Estrepitosa derrota del Gobierno

El objetivo que se quiere alcanzar puede ser bueno, pero no se puede hacer pisoteando el ordenamiento constitucional

Nunca entenderé el empecinamiento en hacer las cosas mal cuando se pueden hacer bien. Era más que probable que el gobierno social-comunista sufriera un severo varapalo por las arbitrarias restricciones que impuso a Madrid limitando derechos fundamentales sin ninguna base legal. Lo bueno de la Nueva Política es que nadie asume responsabilidades.
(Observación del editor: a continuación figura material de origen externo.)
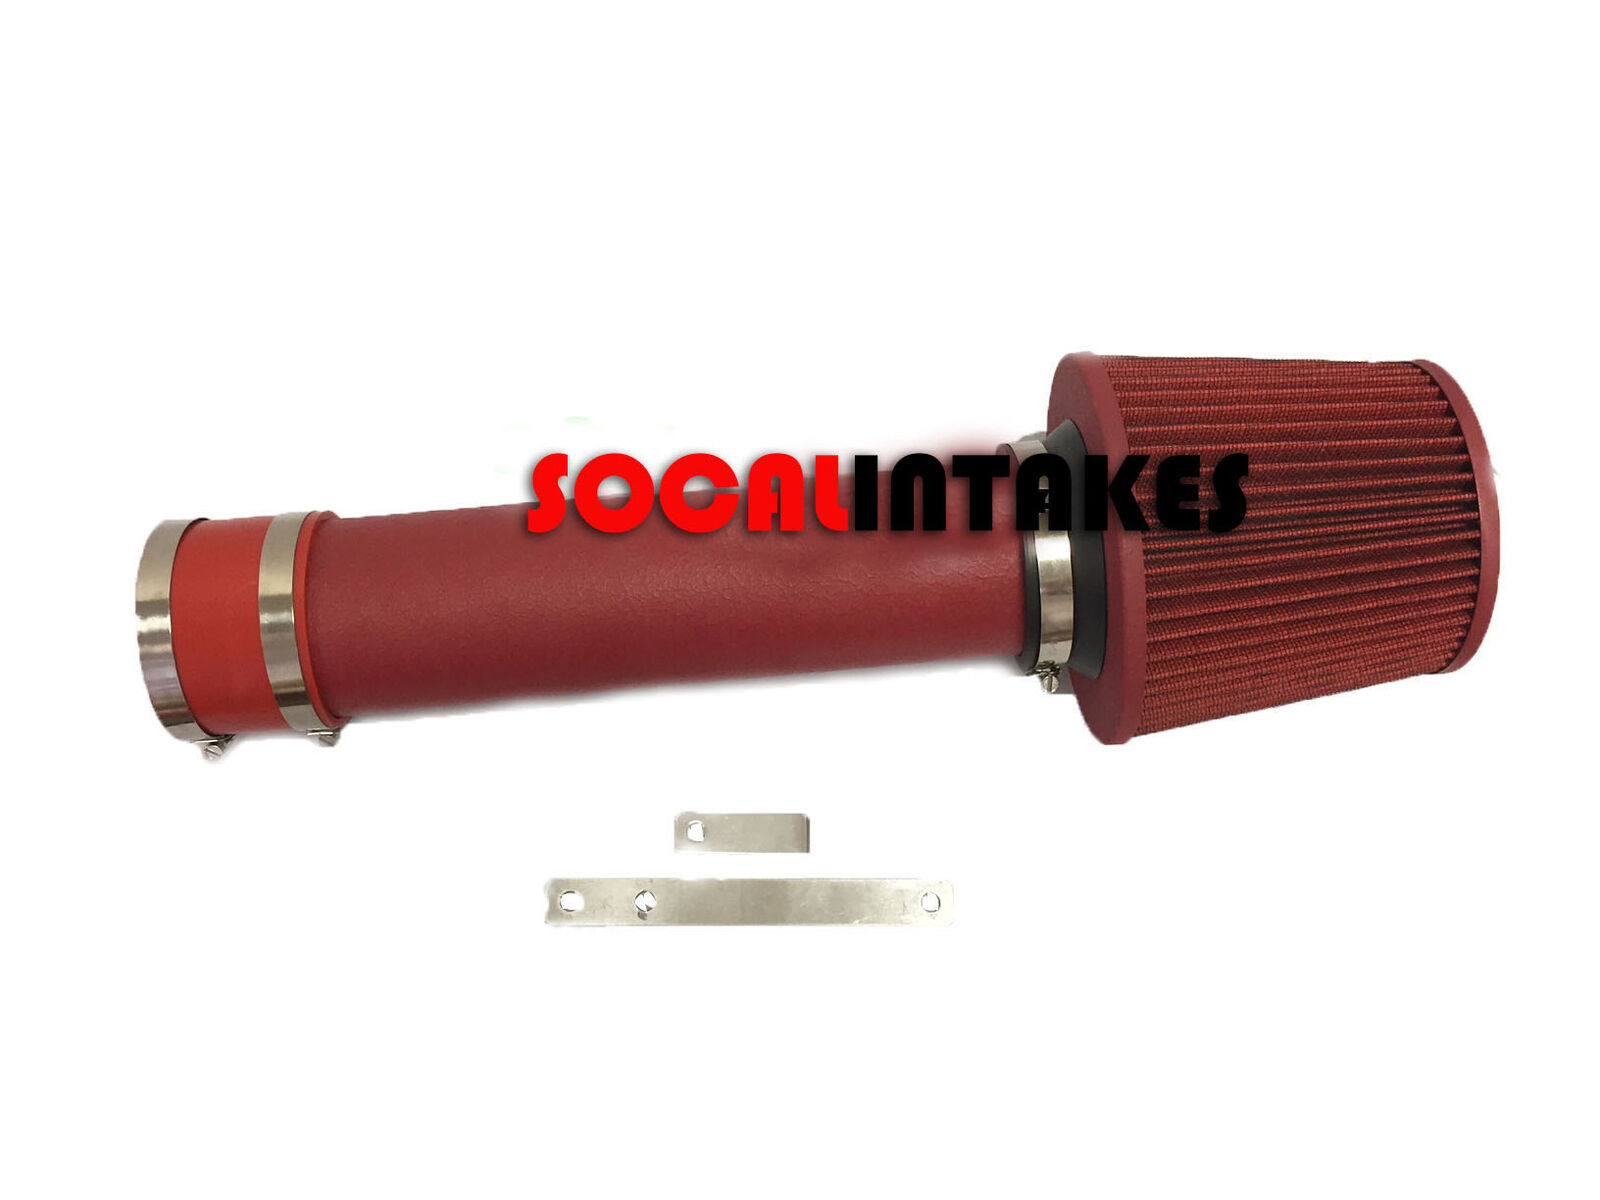 RED COATED Air Intake kit For 94-96 Chevy impala Fleetwood Roadmaster 4.3 5.7
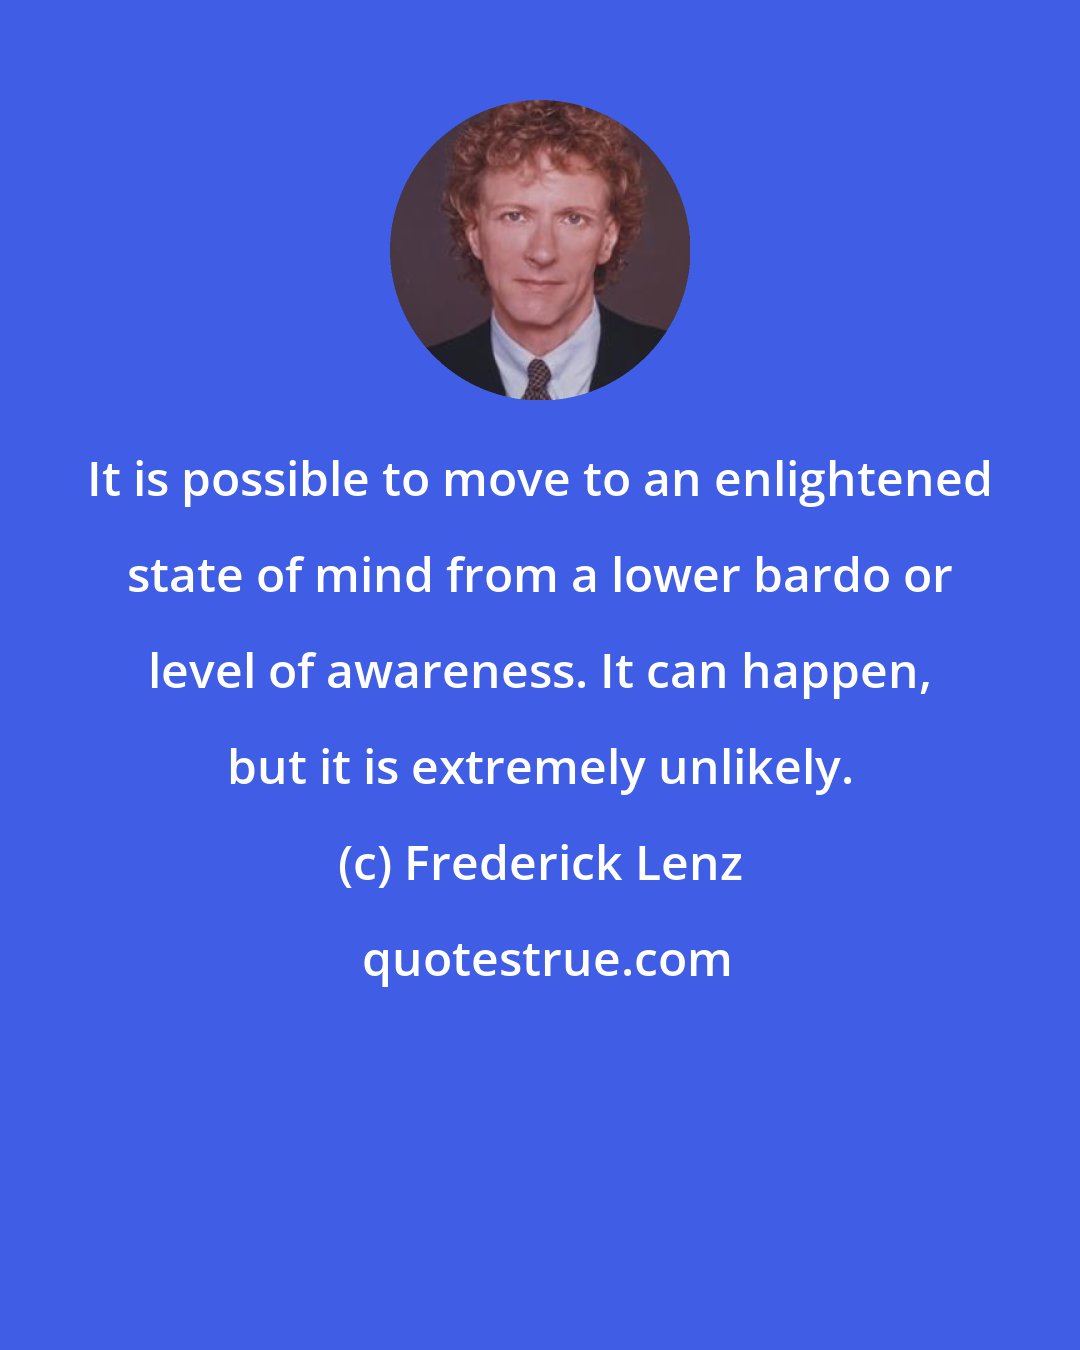 Frederick Lenz: It is possible to move to an enlightened state of mind from a lower bardo or level of awareness. It can happen, but it is extremely unlikely.

La Real Academia debería incluir una nueva acepción en la palabra dimisión para aclarar que bajo ninguna circunstancia es aplicable en política y especialmente para la izquierda. El proceso de devaluación de nuestra democracia se puede comprobar en este tipo de situaciones. La irresponsabilidad es una nueva figura que ha alumbrado, también, el mundo surgido del 15-M y la actual crisis institucional que vivimos. Las administraciones no tienen que colaborar sino pelearse, hay que cuestionarlo todo para tender cortinas de humo y no hay nada mejor que el viejo caudillismo decimonónico que ha renacido a caballo de las primarias.

La legislación sanitaria no es suficiente para limitar el derecho a la libre circulación que es algo que se aprende en primero de Derecho. Lo de hacerlo con una orden comunicada firmada por una secretaria de Estado parecía salido de la extinta Unión Soviética donde no existía ningún tipo de garantía o respeto a los derechos individuales y colectivos. El fondo siempre es importante, pero también la forma. Es uno de los fundamentos del Estado de Derecho. El objetivo que se quiere alcanzar puede ser bueno, pero no se puede hacer pisoteando el ordenamiento constitucional. Es lo que han hecho Illa y Simón en su pulso contra Madrid. La salud pública no puede justificar la utilización de mecanismos inadecuados para limitar los derechos fundamentales. La alternativa no debería ser la chulería inaceptable de imponer un estado de alarma que es innecesario, sino colaborar con la administración competente, que es la autonómica, en materia sanitaria. El populismo que se ha instalado en la vida política española parece olvidar que el fin nunca justifica los medios. Hemos asumido, desgraciadamente, el declive del sistema de la división poderes que alumbró el constitucionalismo con la Revolución Norteamericana, a partir de la definición de Montesquieu, pero ni podemos ni debemos asumir que un gobierno, cualquier gobierno, pueda limitar caprichosamente nuestros derechos. Es mucho lo que nos jugamos como sociedad democrática y hay que recordar a nuestros gobernantes, además, que las medidas no sólo no pueden ser arbitrarias y confusas sino que tienen que ser proporcionales. Un estado de alarma no lo es.